Additionally, we have stories in

src/browser/stories

that are primarily used for human visual verification of UI changes.

Mocking

Avoid mock-heavy tests that verify implementation details rather than behavior.

If you need mocks to test something, consider whether the code should be restructured to be more testable.

There is at least one exception to this rule: we have a

mockAiRouter

that can be used to simulate LLM responses.
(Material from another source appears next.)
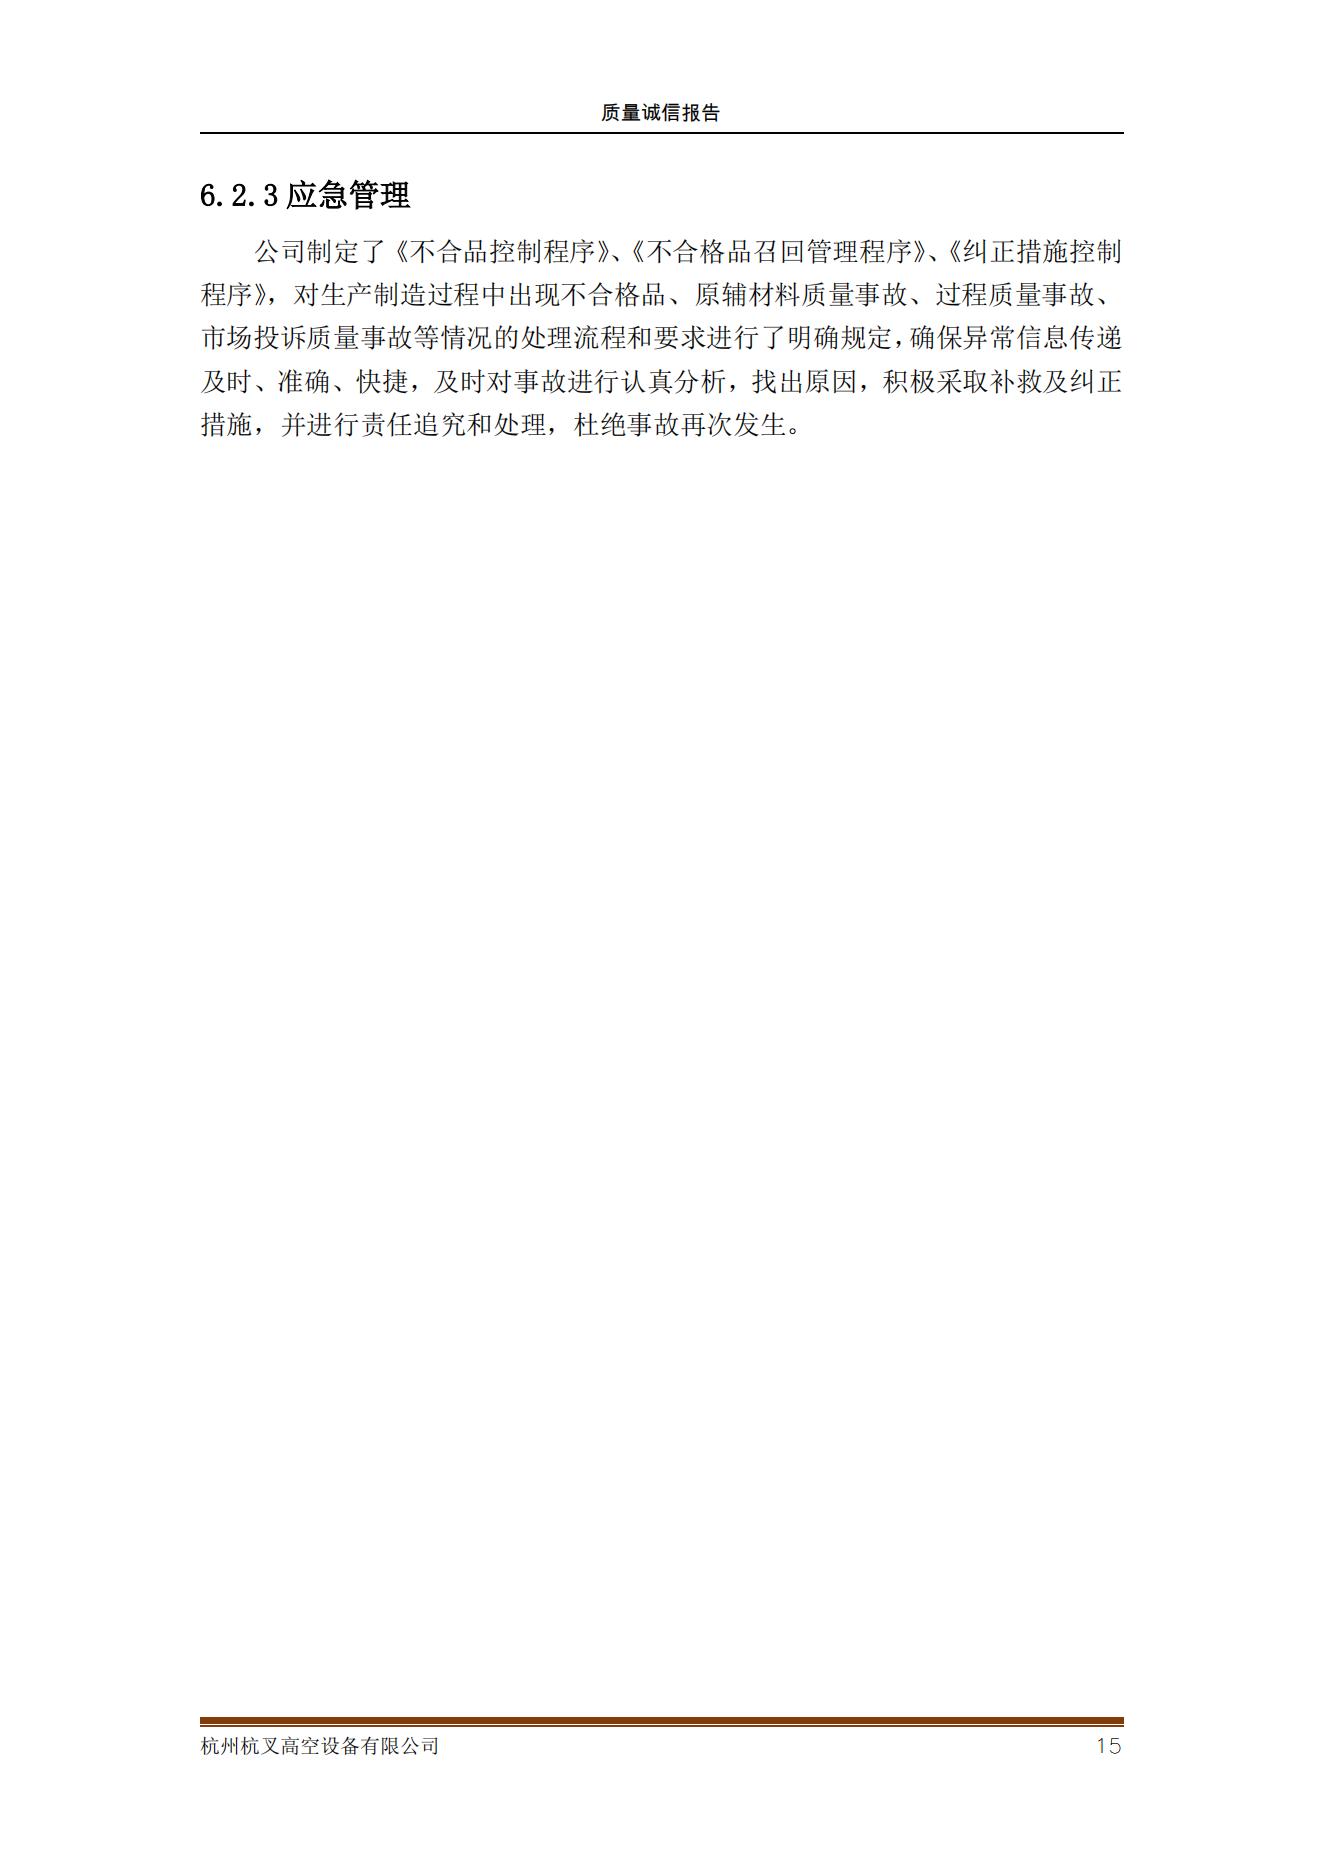 杭州杭叉高空设备公司2021年质量诚信报告(图15)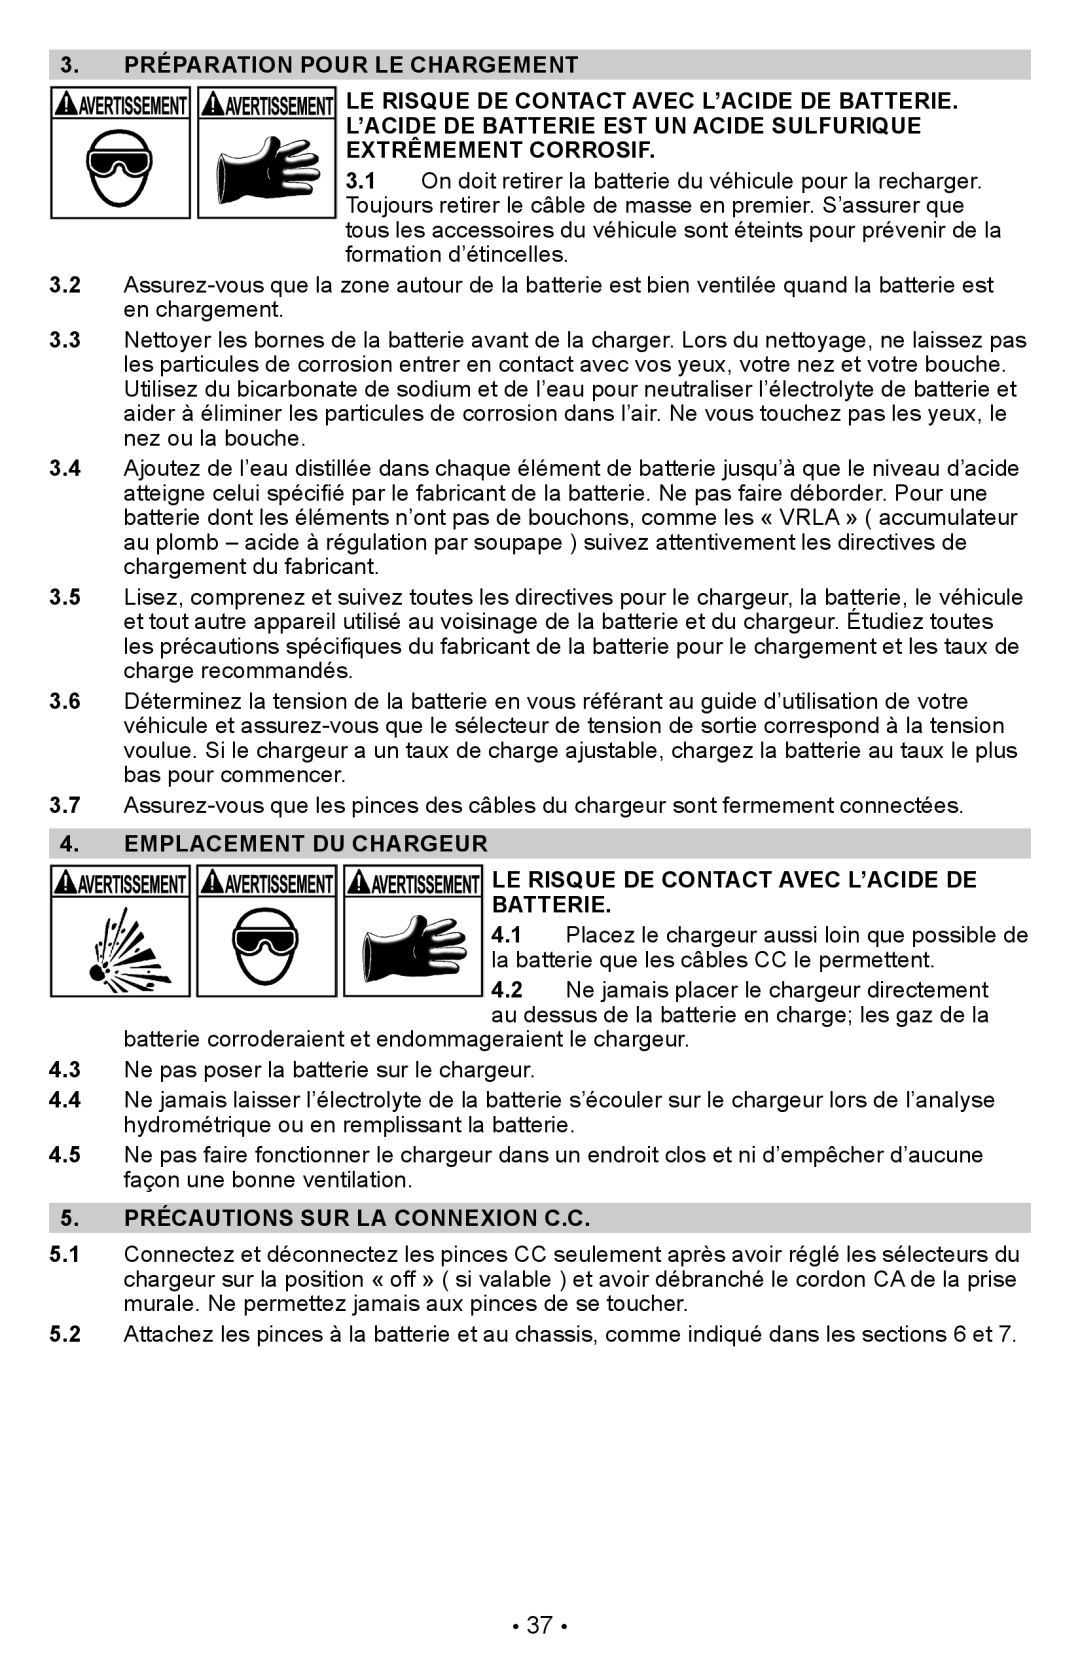 Schumacher PSW-22 owner manual 3. PRÉPARATION POUR LE CHARGEMENT, Le Risque De Contact Avec L’Acide De Batterie

Broadly the use of LLMs in tests follow these rules:

Use real LLM for tests that verify our integration with the LLM provider
- E.g., asserting that we correctly identify a context exceeded error
Use a mockAiRouter for tests that verify behavior around the LLM logic
- E.g., asserting that messages queue correctly following an LLM response
Do not use a real LLM or mockAiRouter for logic that in no way touches agentic behavior.
- E.g., a test that shows that opening a Terminal window works

Avoid tautological tests (simple mappings, identical copies of implementation); focus on invariants and boundary failures.

When To Test

Ideally, all new features and bugs are well tested. Do not implement a feature or fix without a robust testing strategy.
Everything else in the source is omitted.